I have no idea about statistics for your target faculty (English, presumably) and the sitch is likely to vary a lot from faculty to faculty.
In terms of what you do now, there's no harm in saving up and frankly, you can't rely on getting funding, so I would say earn money if you can at all (you might only get partial funding, as well).
My advice would be as follows:-
- Are you aiming for/have you got a first at undergrad? I think for most master's degrees Oxford wants a first or at least a "strong upper second". Obviously a first is better.
- This is unlikely to be a strict numbers game, e.g. 'we don't consider anyone whose average marks was under 75' etc. As you can imagine, the assessors will look at your application in the round. So, while good grades are obviously important, I am not sure it's helpful to try and work out how they are used. I doubt that any rigid and systematic sifting process exists beyond what the course webpages say about the required grades for whatever degree course you're looking at.
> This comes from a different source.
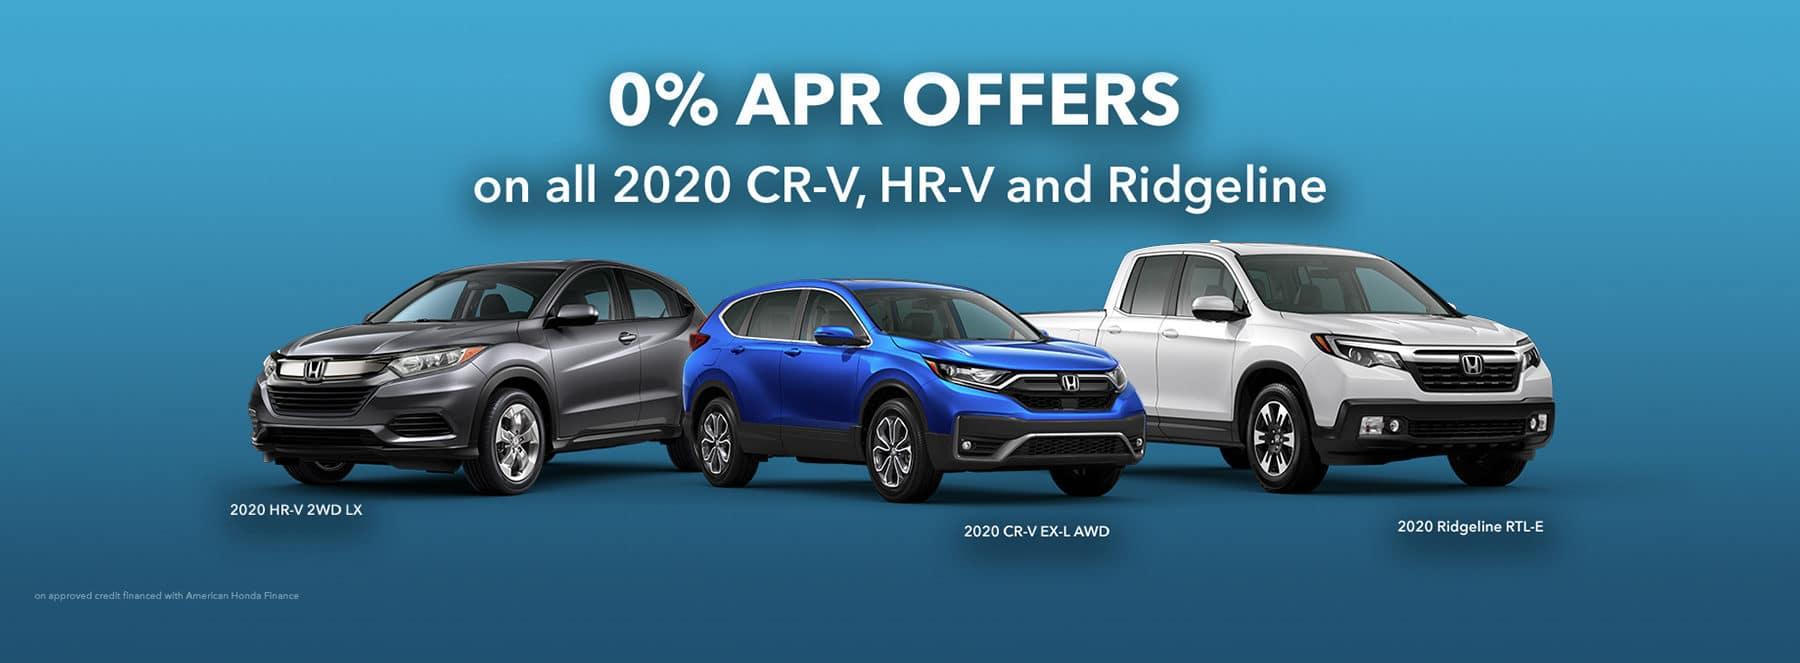 0% APR Offers
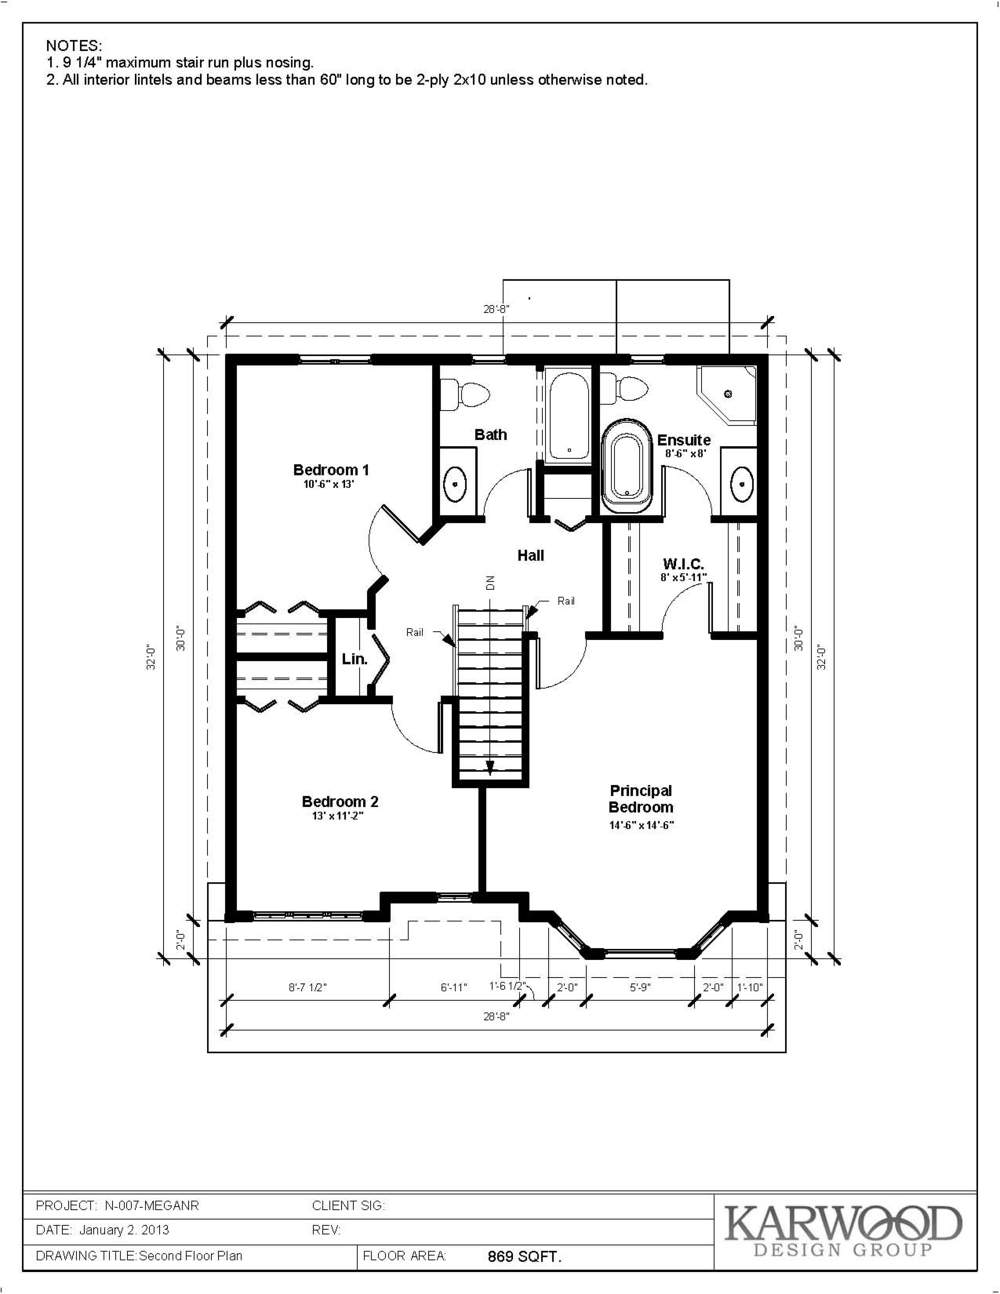 N-007-MEGANR (listing)_Page_4.jpg

- If you want to get funding you need to ensure your application shines in every possible way. (1) Did you get any awards or commendations, e.g. dean's list? Mention them prominently. (2) Have prestigious referees (if possible!) (3) Have a sexy research proposal - something that screams 'you will want to fund this because it's relevant, original and timely'. (4) Mention any side skills, aptitudes or aspects of your background which make you particularly apt to undertake the research you propose.
- If you want to clarify how much funding is available at the faculty you would be applying to, then ask a relevant person, e.g. whoever is in charge of graduate admissions. Either by email or at an open day. "How many of your master's intake get fully or partly funded by the university or a college?" should do it. (You really should go to a graduate open day at the faculty if you get the chance. And don't be afraid to ask lots of questions about funding. In my experience many people in your position don't have a clue about funding and don't ask about it. Don't be one of those people)
- Don't despair. The good thing about Oxford PG funding (although generally speaking, there's less available for master's degrees than for doctoral degrees) is that, moreso than Cambridge, the university is prepared to mix and match funding from different funding pots in order to ensure people get the amount of funding it seem they deserve. And they can surprise you. I was told about 2 out of 40 people in the faculty master's intake got full funding from the university or a college. Did I think I deserved to be in that 5%? Hell no. I'm nobody's idea of a perfect student. And yet, it happened.
If you want I can ask English faculty peeps for more info. Hope that helps.